Exact copy, no pictures: return only the lines below from the line with "Georgia O'Keeffe T-Shirt" up to and including the line with "The Shadow Difusion Range - Table Top".
(Given data Opens)
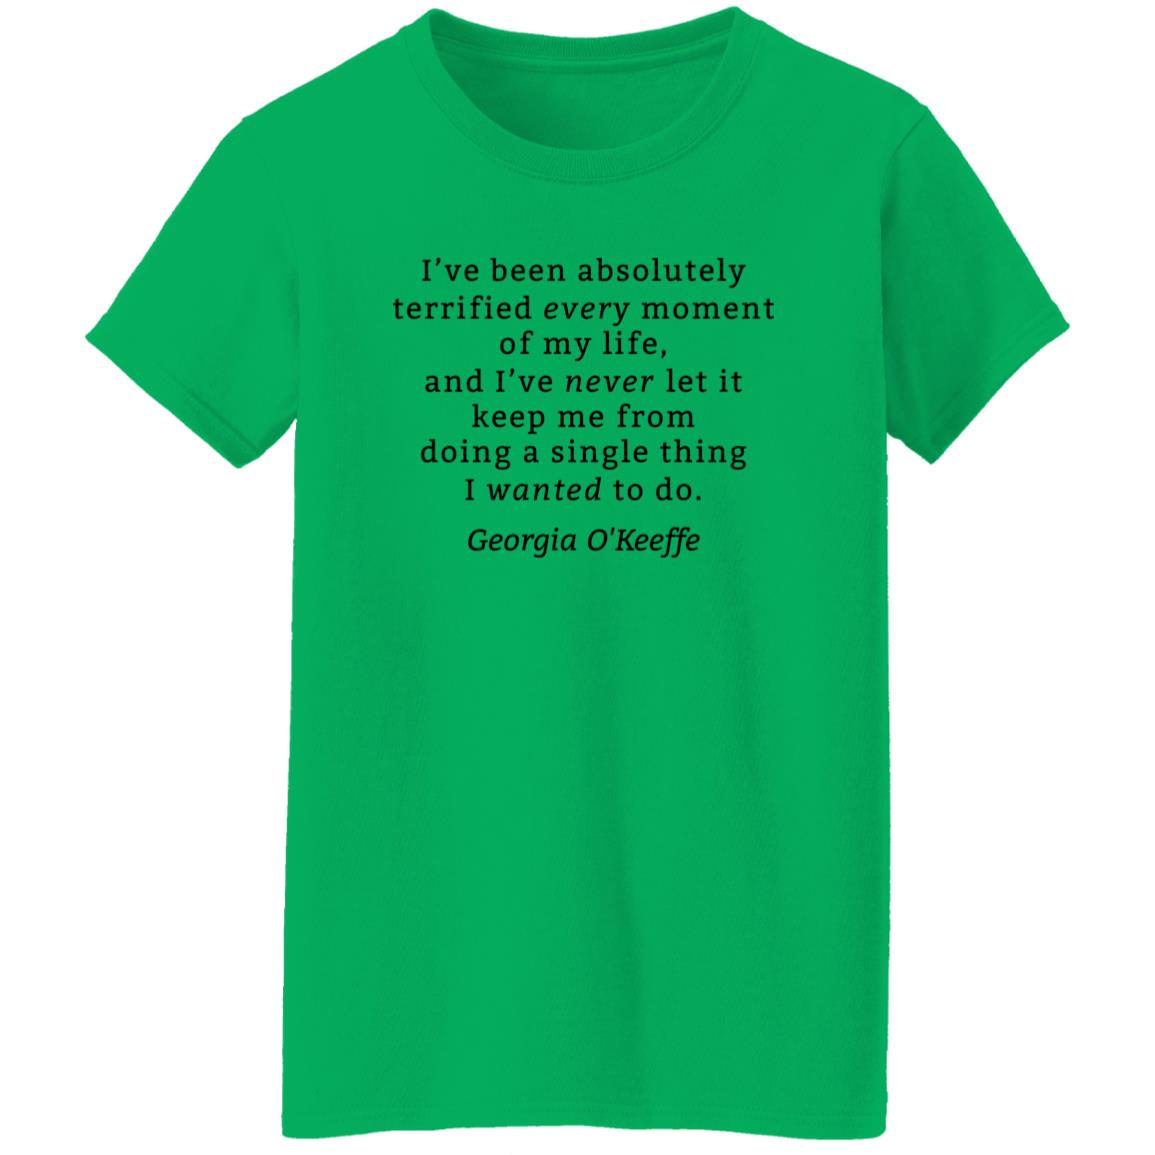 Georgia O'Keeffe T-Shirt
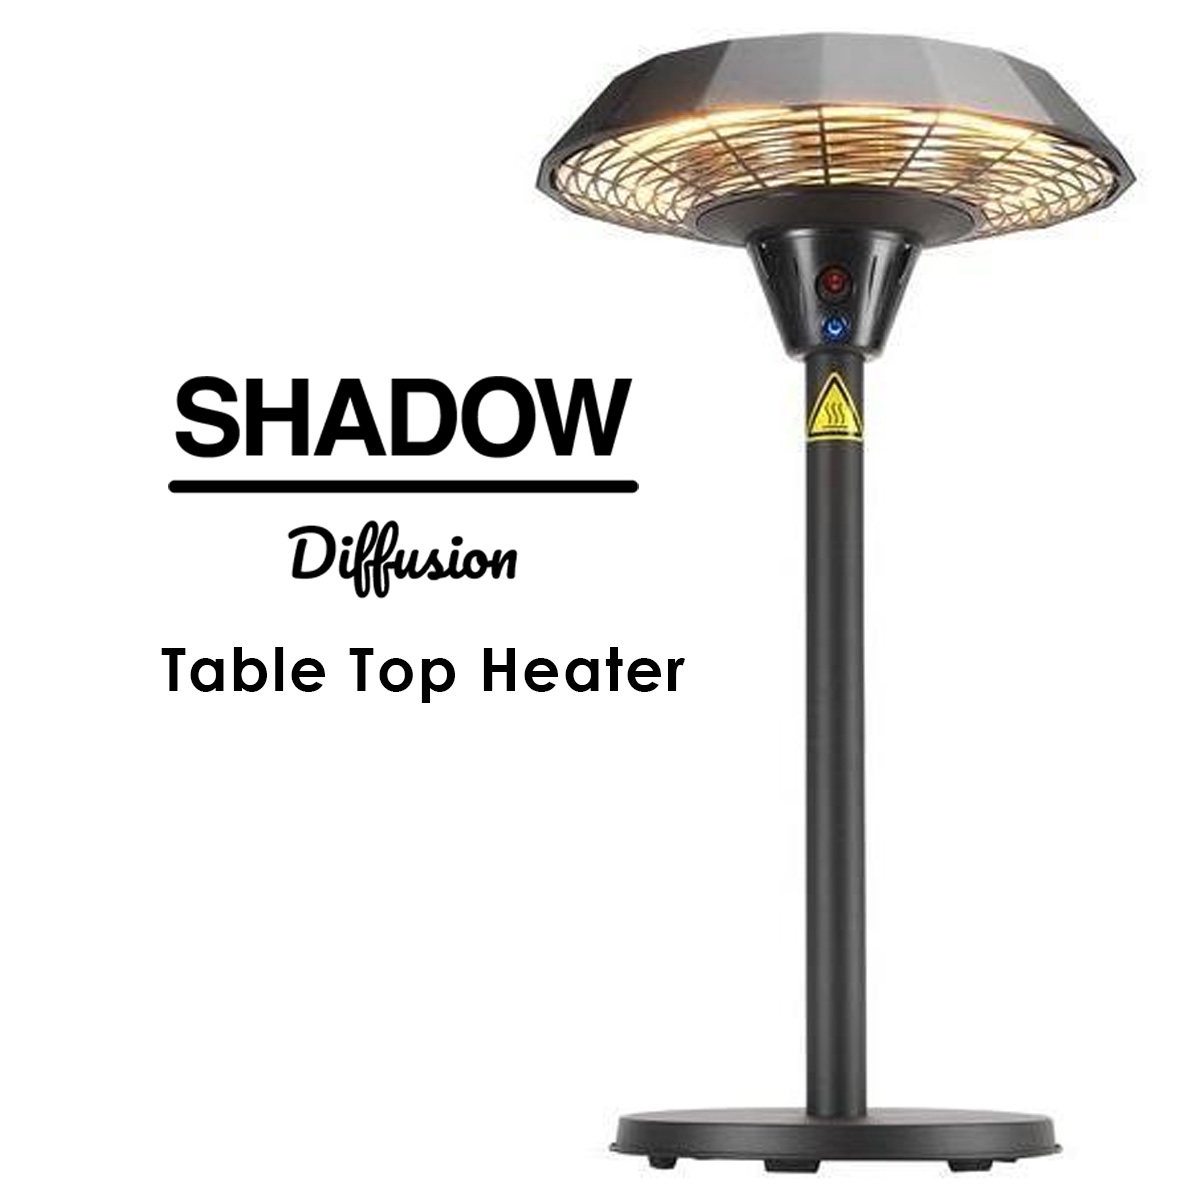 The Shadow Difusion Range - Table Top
(Given data Closes)
(Given data Opens)
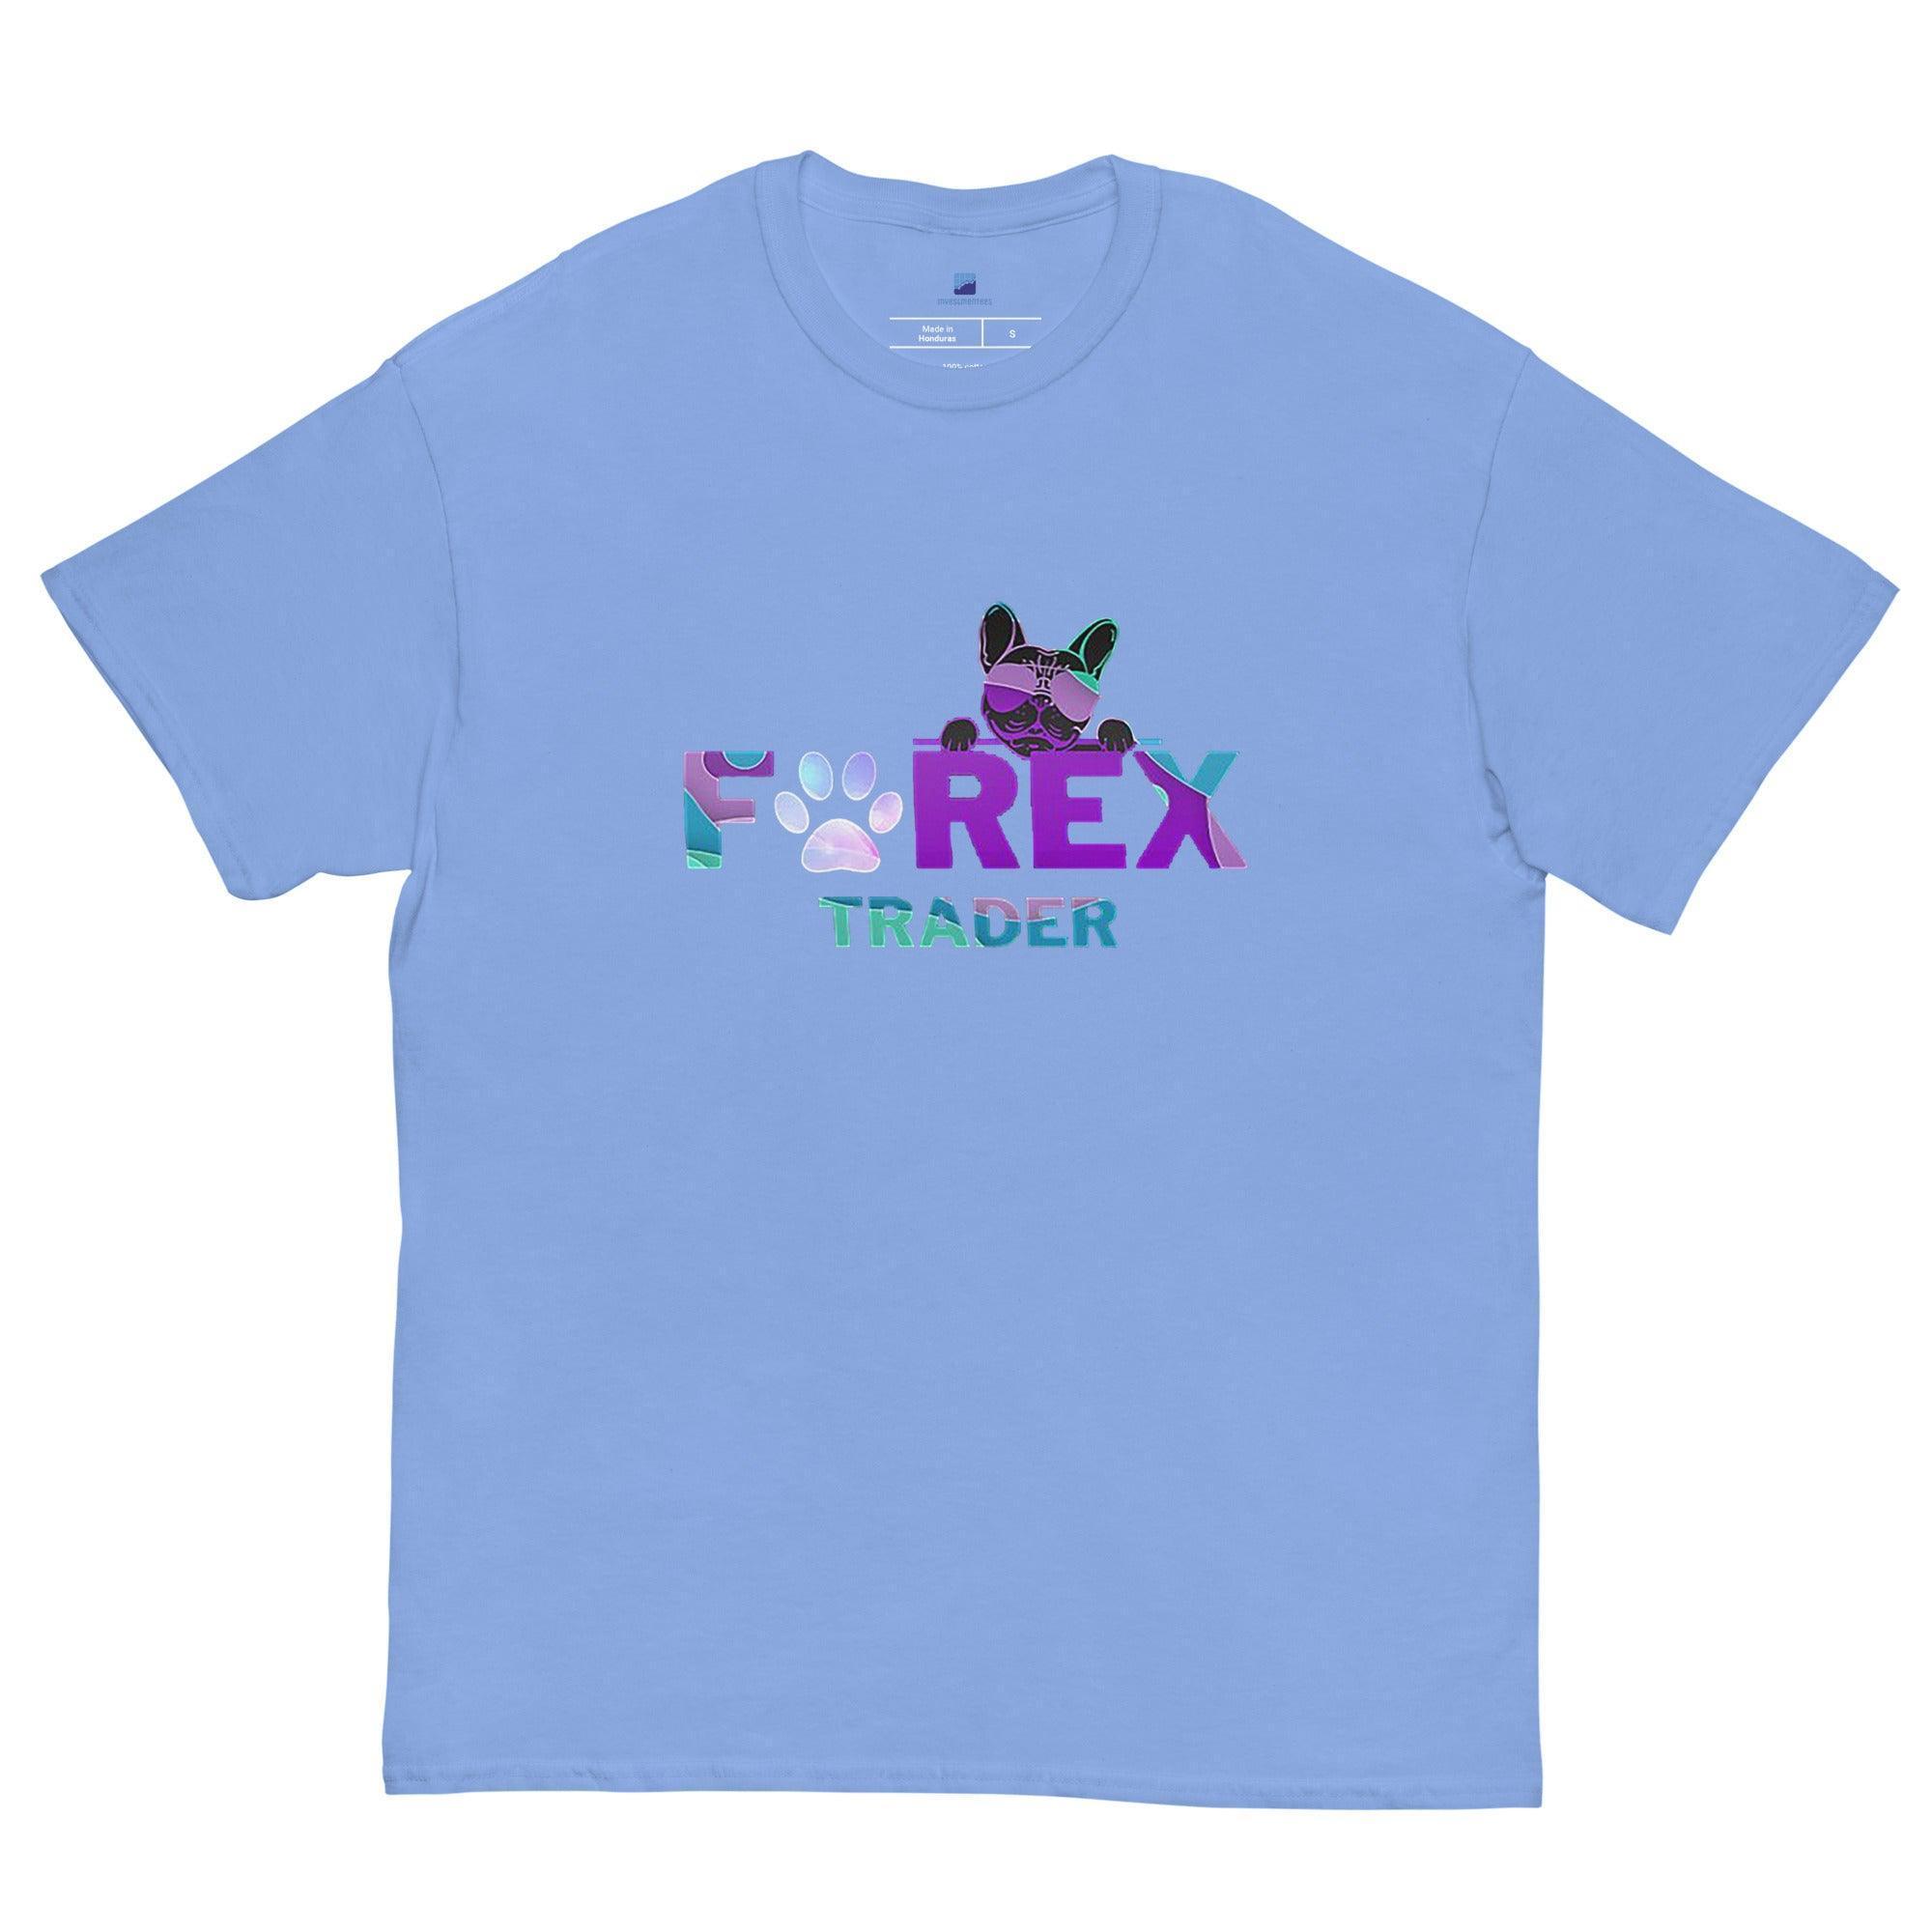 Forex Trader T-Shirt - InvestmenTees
(Given data Closes)
(Given data Opens)
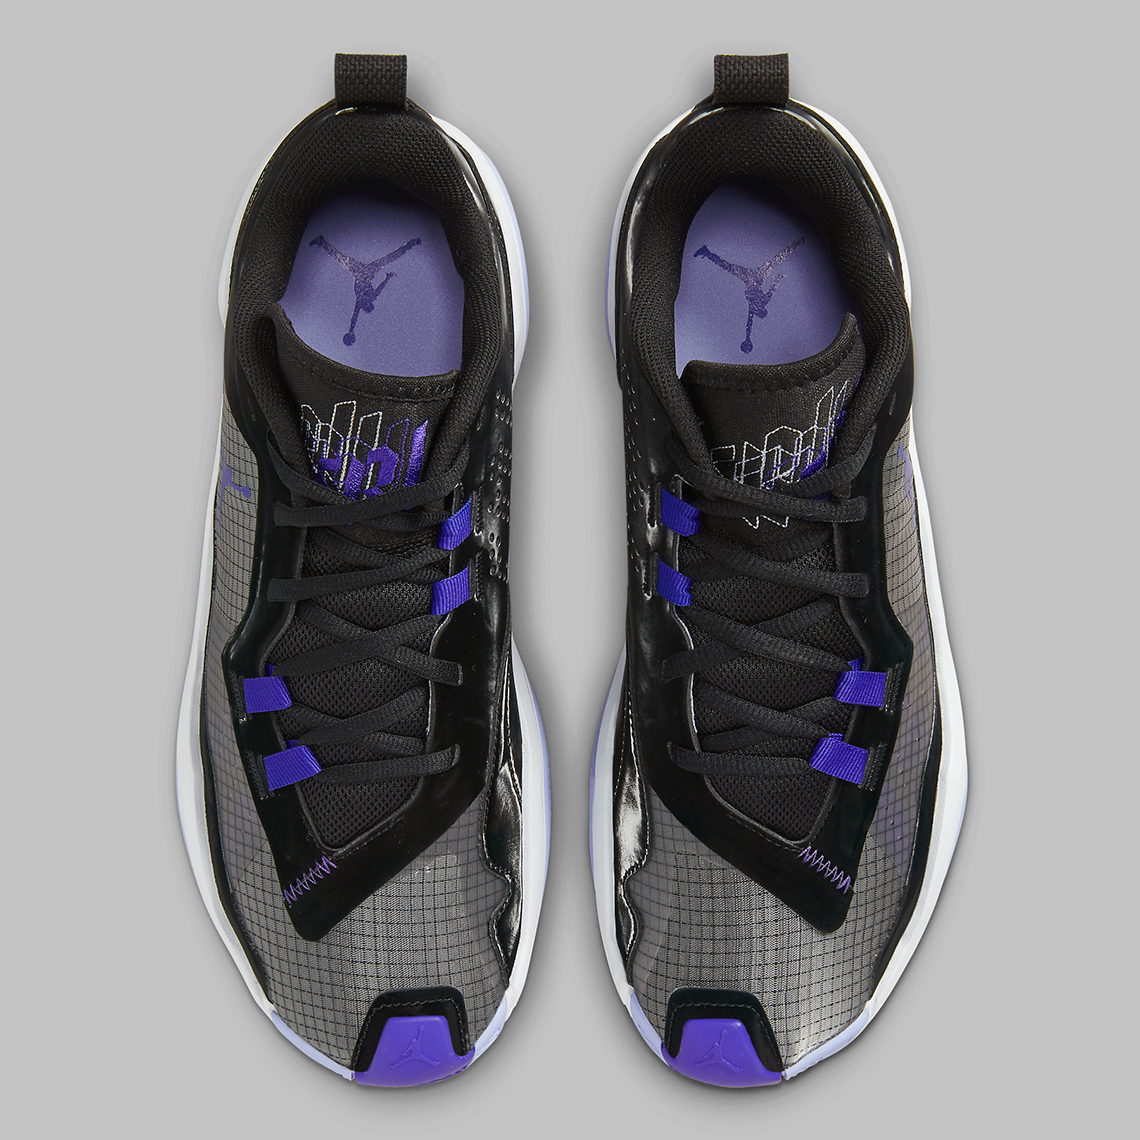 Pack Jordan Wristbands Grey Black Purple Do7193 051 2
(Given data Closes)
Response box:
 Georgia O'Keeffe T-Shirt
 The Shadow Difusion Range - Table Top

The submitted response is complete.